Отставной генерал разведки Виктор Андреевич Белосельцев не находил в себе сил оставить душную Москву и уехать на дачу, где ждал его заросший, запущенный сад, тихие труды в цветнике среди серьезных оранжево-черных шмелей, сладких табаков и засахаренных бутонов роз, когда на жестяном совке чернеет сочный ком и в нем извивается скользкий розовый червь. Он не мог уехать, пораженный необъяснимым бессилием, нежеланием менять свое положение в пространстве, будто ждал, что сверху, из горячего неба, прольется на него прозрачная струя канифоли и он застынет в ней на веки вечные, раскинув свои высохшие руки, склонив к плечу седую голову. Это ожидание напоминало паралич, отнимавший способность двигаться, шевелить пальцами, вращать глазами, сжимать и расширять легкие. Жизнь была неинтересна, состояла из мельчайшей пудры, в которую превратились его жизненные впечатления, усвоенные науки, прочитанные книги, человеческие отношения и дружбы, сама страна, которой он, профессиональный разведчик, служил до последних минут ее существования, пока она, огромная, как красный леденец, не растаяла, не потекла липким соком, сжатая чьим-то огромным, потным, омерзительным кулаком.
Иногда, чтобы разнообразить безделье, развеять сонную одурь, он включал телевизор. Но оттуда, из голубоватого студня, из дрожащего желе, как из заливного, начинали выпрыгивать уродливые рыбины, губастые и носастые чудища, пучеглазые щетинистые твари. Морочили, пугали, тянули клешни, тыкали в глаза обрубками конечностей, норовили схватить волосатой лапой или пнуть мозолистой голой стопой. Белосельцев, послушав и посмотрев минуту, выключал телевизор, загонял обратно в пластмассовый застекленный короб несметное сонмище, которое из ящика через огромную шахту скатывалось обратно в преисподнюю, в жилище тьмы.
Среди мелочных бессмысленных дел: приготовления пищи, стирания белья, принятия пилюль, подметания комнаты – было одно занятие, к которому он прибегал, спасаясь от изнурительного пустоцветного бытия, где любое событие, любой звук или знак являли собой глупую мелочь, бессмыслицу, оскорбительную незначительность, за которую не цеплялся ум, которую отторгала душа.
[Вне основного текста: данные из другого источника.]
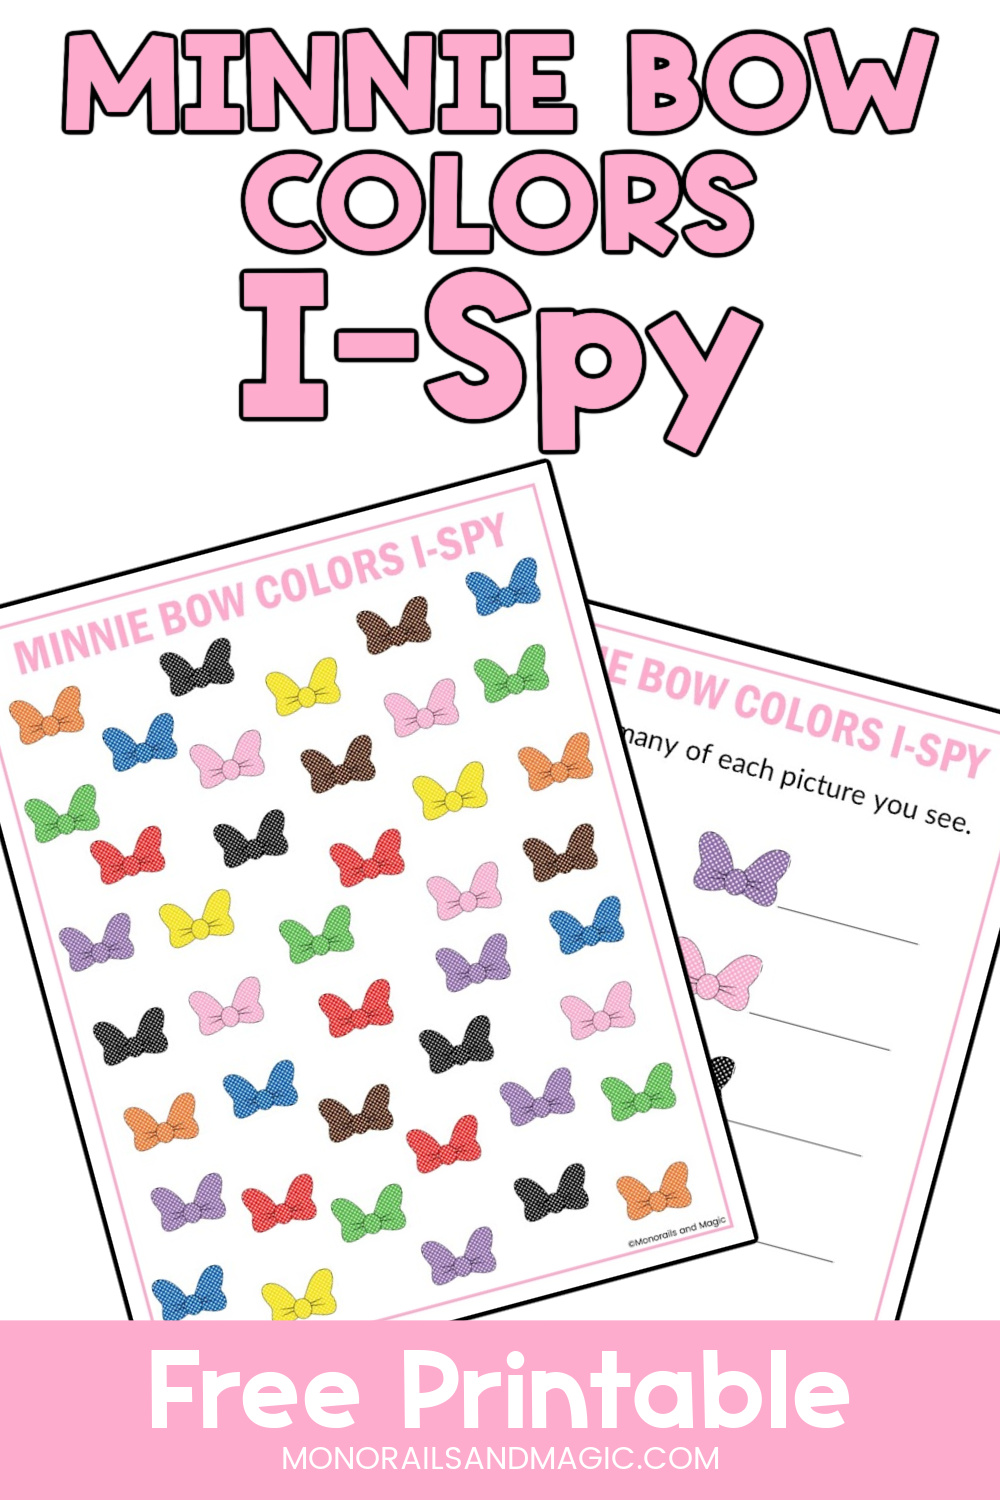 Free printable Minnie bow colors I-spy activity.

Три стены в его длинном, как пенал, кабинете занимала коллекция бабочек. Стеклянные кристаллы, в которые, как в бруски драгоценного льда, были вморожены разноцветные дива, вычерпанные легким сачком из воздушных потоков Африки, океанских ветров Америки, лесных дуновений Азии. Привезенные в Москву с театров военных действий, среди московских снегов, ночных черных наледей они повествовали о иной земле, молодой, сотворенной Богом планете, которую Господь облек в наряд из цветов и бабочек. Это позже сквозь нарядное облачение стали взлетать ракеты, пикировали самолеты, протыкали драгоценный наряд небоскребы и башни. В Никарагуа он толкал с сандинистами залипшее в грязь орудие, проволакивал его по скользкой дороге, на которой сидели мириады розовых бабочек. В Атлантике на их боевой корабль, доставлявший в Анголу морскую пехоту, сели белые бабочки, и вся палуба, бортовые орудия, глубинные бомбометы, штыри и чаши антенн были покрыты белыми хлопьями, словно корабль, приближаясь к экватору, заиндевел, укутался шубой голубоватого инея.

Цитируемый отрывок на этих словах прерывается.